I have come to the conclusion that this is a highly classified secret as I have searched for definative instructions on it. Now......I need to learn the requirements for obtaining the secret handshake for the map that leads to the location to get the encryption code for the elusive directions.  I tried my decoder ring from the Fruit Loops, but have not gotten anywhere. It usually works when my Magic 8 Ball fails me.  :roll: 

Digit


----------



## kwahlne (Aug 26, 2008)

digit said:
			
		

> I have come to the conclusion that this is a highly classified secret as I have searched for definative instructions on it. Now......I need to learn the requirements for obtaining the secret handshake for the map that leads to the location to get the encryption code for the elusive directions.  I tried my decoder ring from the Fruit Loops, but have not gotten anywhere. It usually works when my Magic 8 Ball fails me.  :roll:
> 
> Digit



 

Digit, I think you are right.  Government Classified Top Secret Orris Root Powder Usage Recommendations... buried in a file in an undisclosed location, never to be found...

Hehe, you crack me up.


----------



## digit (Aug 27, 2008)

kwahlne said:
			
		

> Top Secret Orris Root Powder Usage Recommendations... buried in a file in an undisclosed location, never to be found...



Never say "never"................we shall seek and find.   **Insert theme to Mission Impossible here** 

Digit


----------



## MikeInPdx (Aug 27, 2008)

I'm going on a reconnaissance mission into unknown territory.
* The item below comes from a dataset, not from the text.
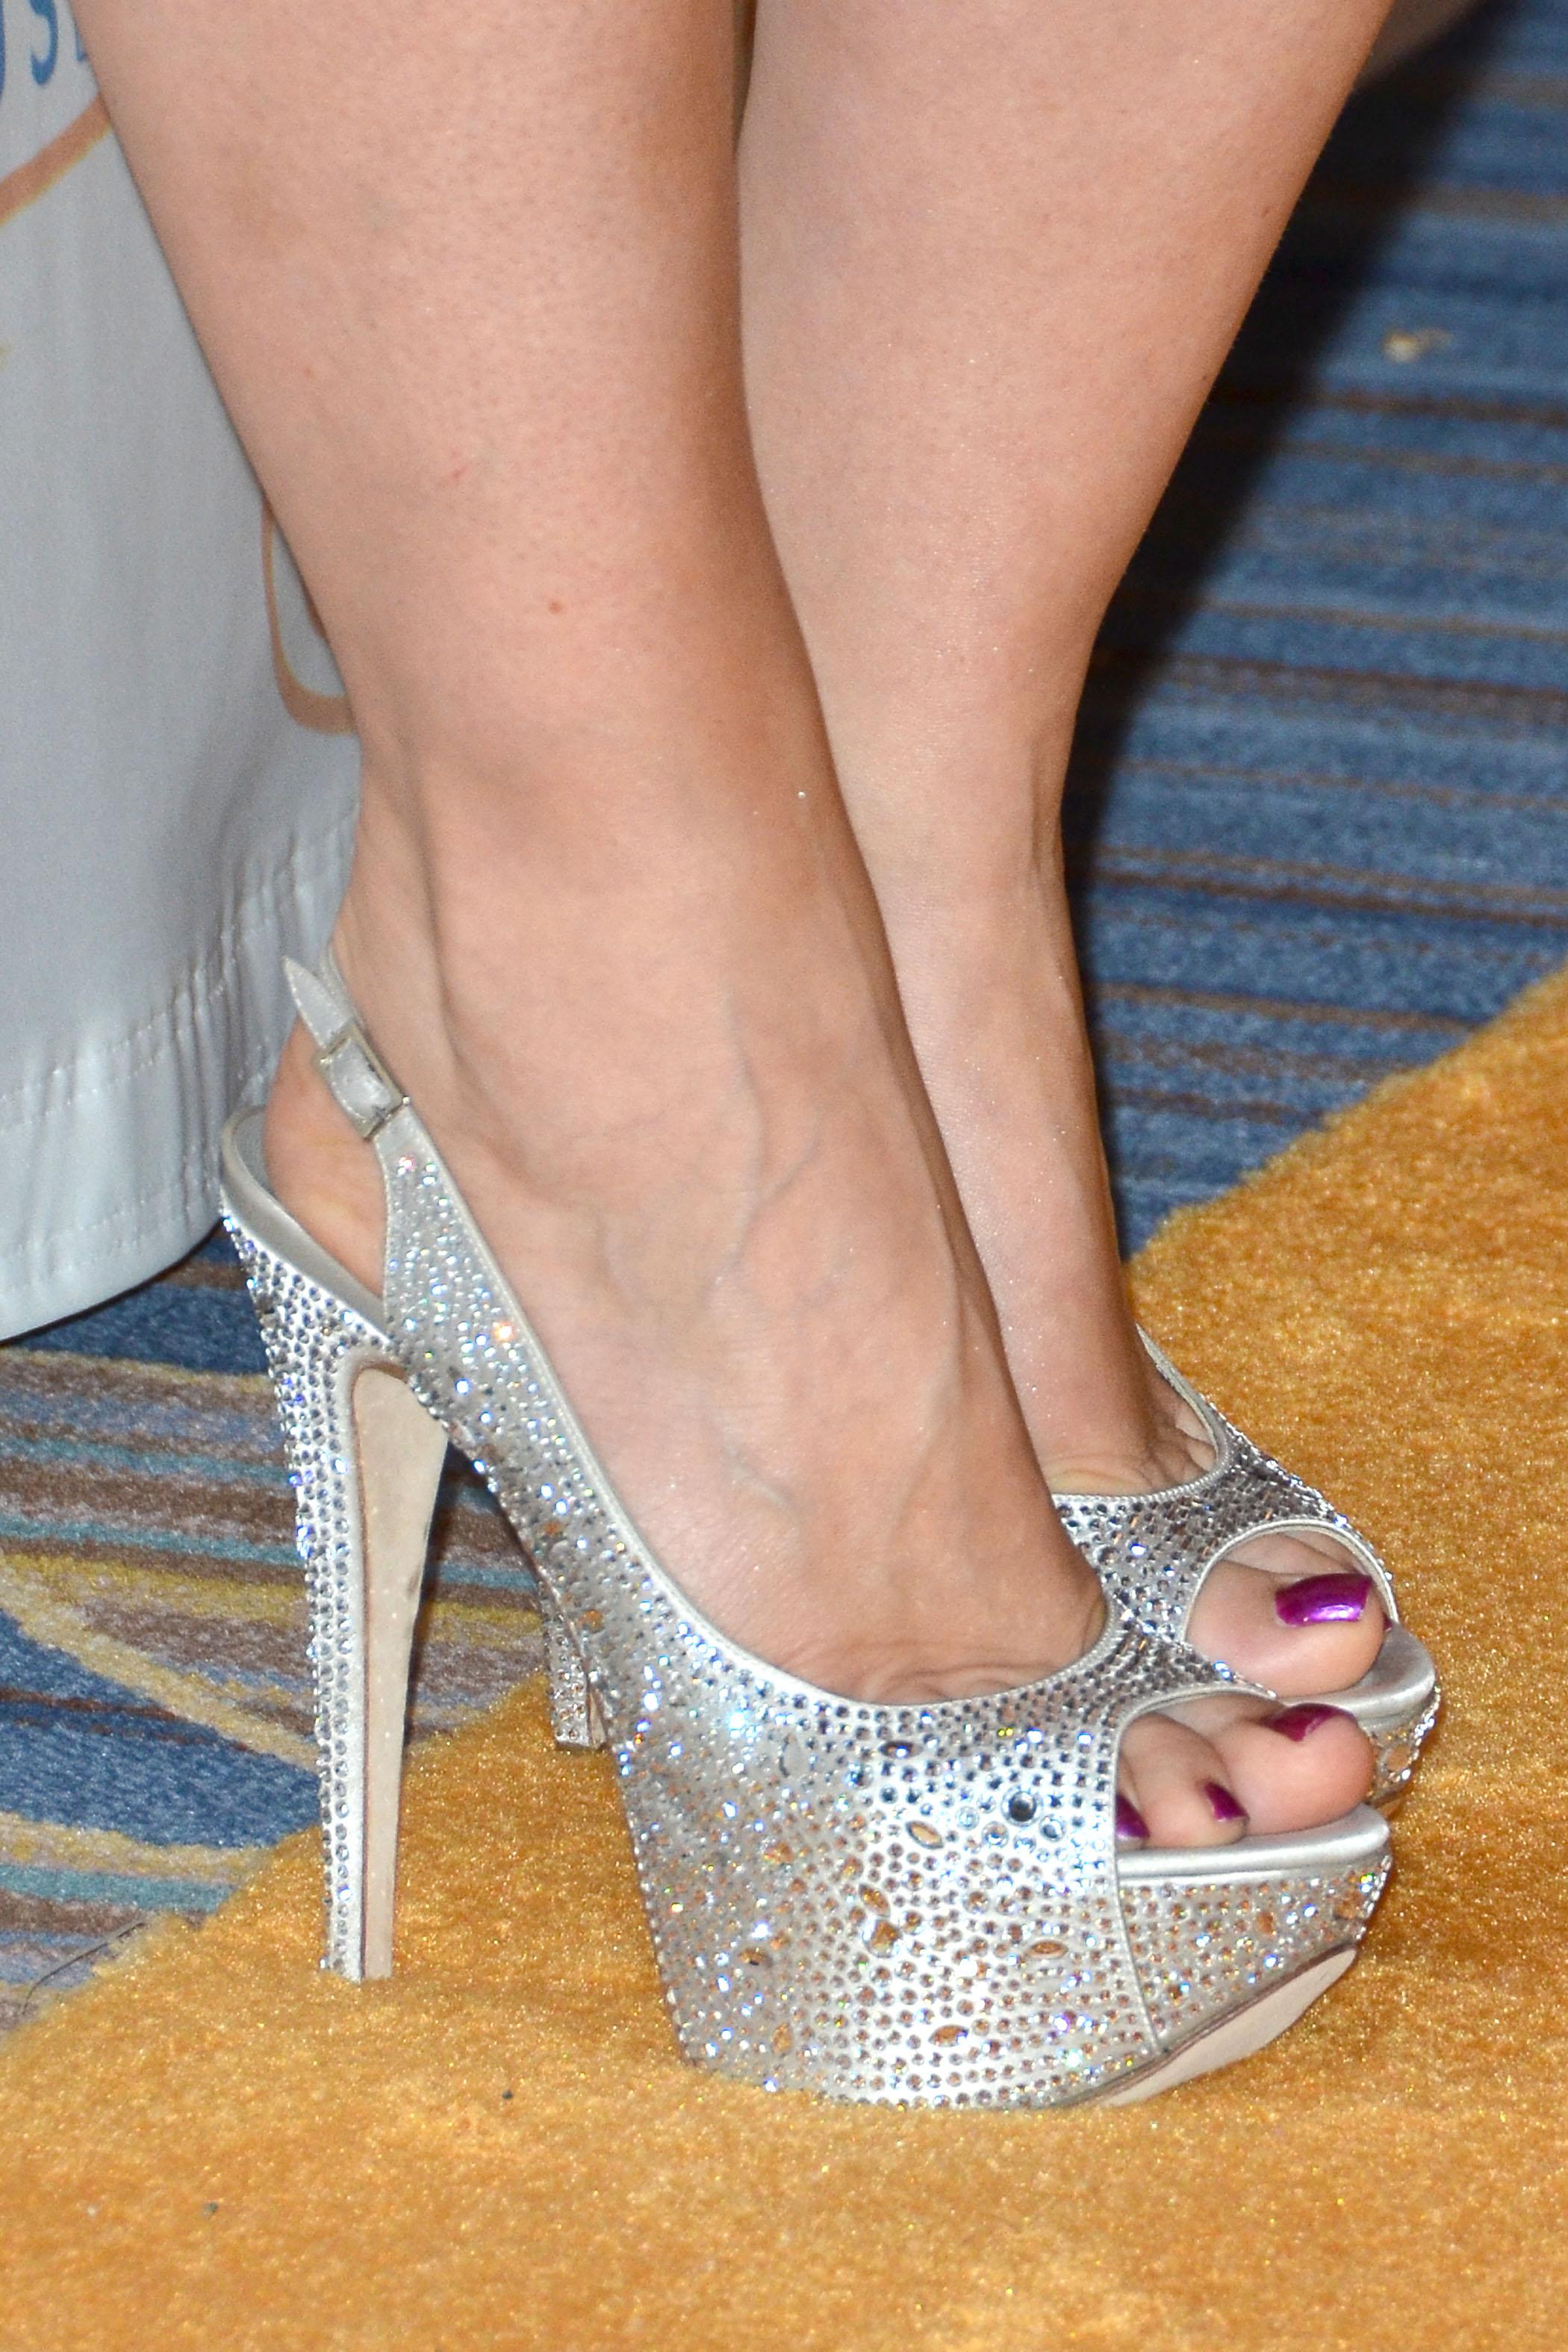 Natasha Bedingfields Feet

I will report back with my results!


----------



## MikeInPdx (Aug 27, 2008)

Found it!  One post in 6 years of posts.....the soaper that used orris to anchor used 1/2 tsp per KG of oils.....so about a tsp per pound! 

Be aware that some people are sensitive to orris....if you're sensitive to iris...don't do it.


----------



## justme (Aug 27, 2008)

well bless your heart, now when do you add it ? Into the water? into the oils or do you mix it with the eo/fo before adding to the oils?  I know I want all the answers ....sorry


----------



## MikeInPdx (Aug 27, 2008)

justme said:
			
		

> well bless your heart, now when do you add it ? Into the water? into the oils or do you mix it with the eo/fo before adding to the oils?  I know I want all the answers ....sorry



I believe that they added it at trace with the EO.  I wouldn't think you would need it with good fragrance oil....mine are pretty robust....even the citrus ones.


----------



## kwahlne (Aug 27, 2008)

MikeInPdx said:
			
		

> Found it!  One post in 6 years of posts.....the soaper that used orris to anchor used 1/2 tsp per KG of oils.....so about a tsp per pound!
> 
> Be aware that some people are sensitive to orris....if you're sensitive to iris...don't do it.
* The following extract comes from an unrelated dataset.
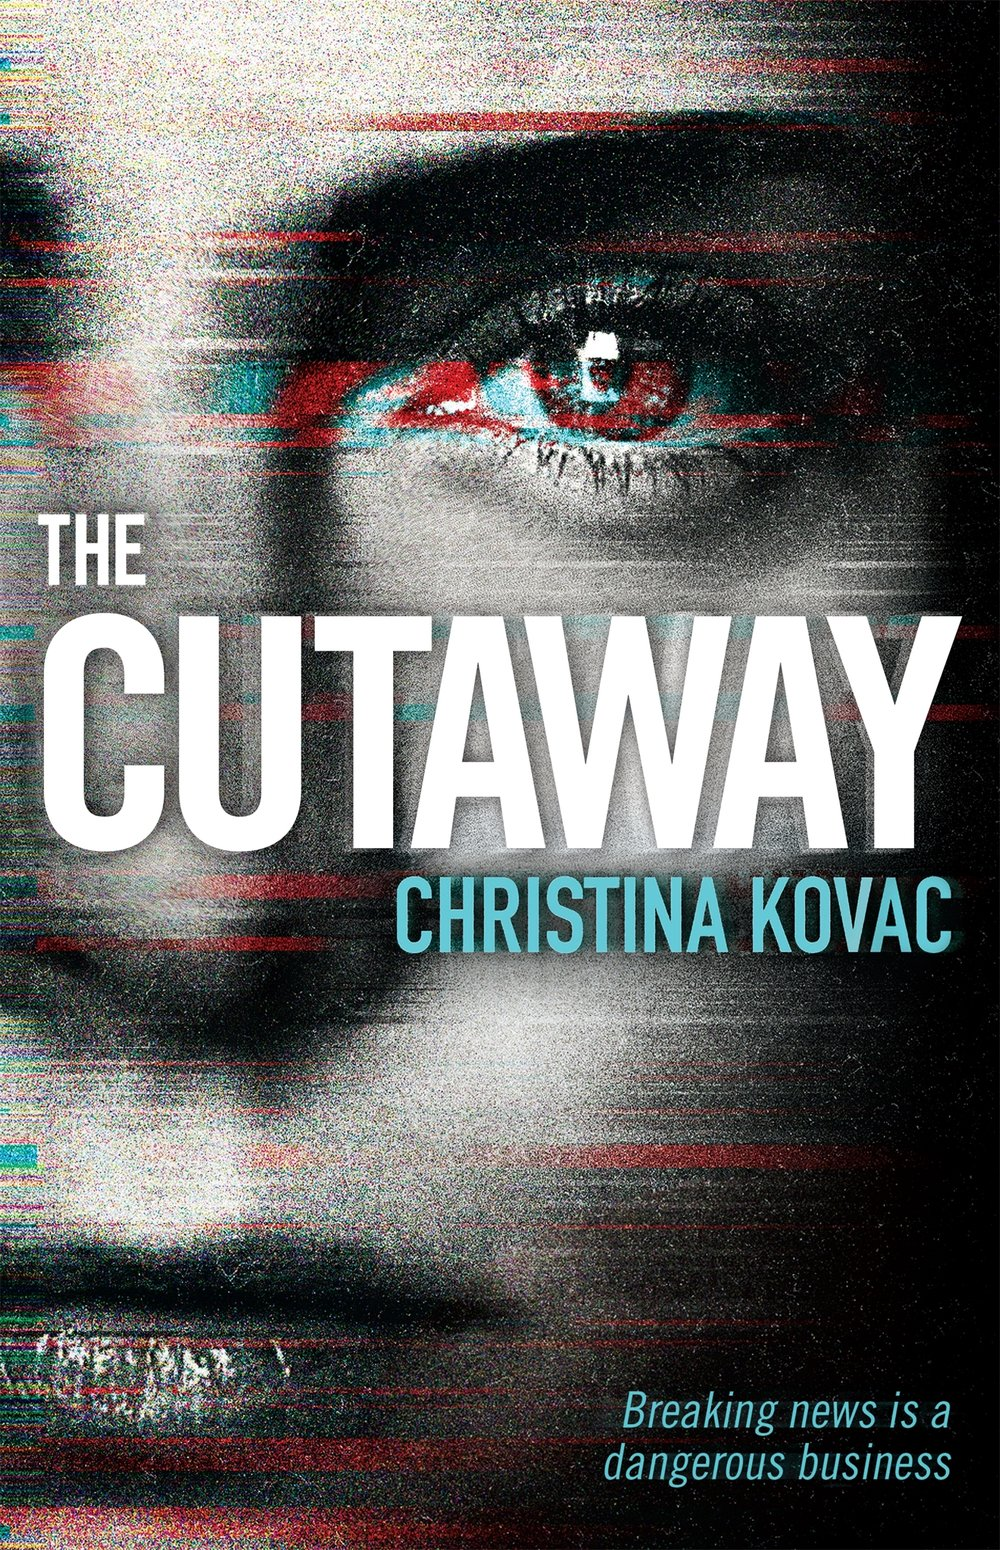 Buy the UK Edition of Christina Kovac's novel  The Cutaway

You are the man.  Your country thanks you for your heroic efforts!


----------



## MikeInPdx (Aug 27, 2008)




----------



## digit (Aug 27, 2008)

Good find Mike!    I always see to do it, but never how. Which could make a huge difference. 

I did find this about using dendritic salt to anchor with: 
1 tsp per pound, add EO or FO to salt, dissovle in a bit of heated water, soap or oils. Add to product.

Digit


----------



## MikeInPdx (Aug 27, 2008)

digit said:
			
		

> Good find Mike!    I always see to do it, but never how. Which could make a huge difference.
> 
> I did find this about using dendritic salt to anchor with:
> 1 tsp per pound, add EO or FO to salt, dissovle in a bit of heated water, soap or oils. Add to product.
> ...



Thanks Digit....that would be a great option instead of the orris.


----------



## Sholdy (Aug 27, 2008)

The info from where I get orris root is touse approximately 1 teaspoon for 5 pounds of soap oils!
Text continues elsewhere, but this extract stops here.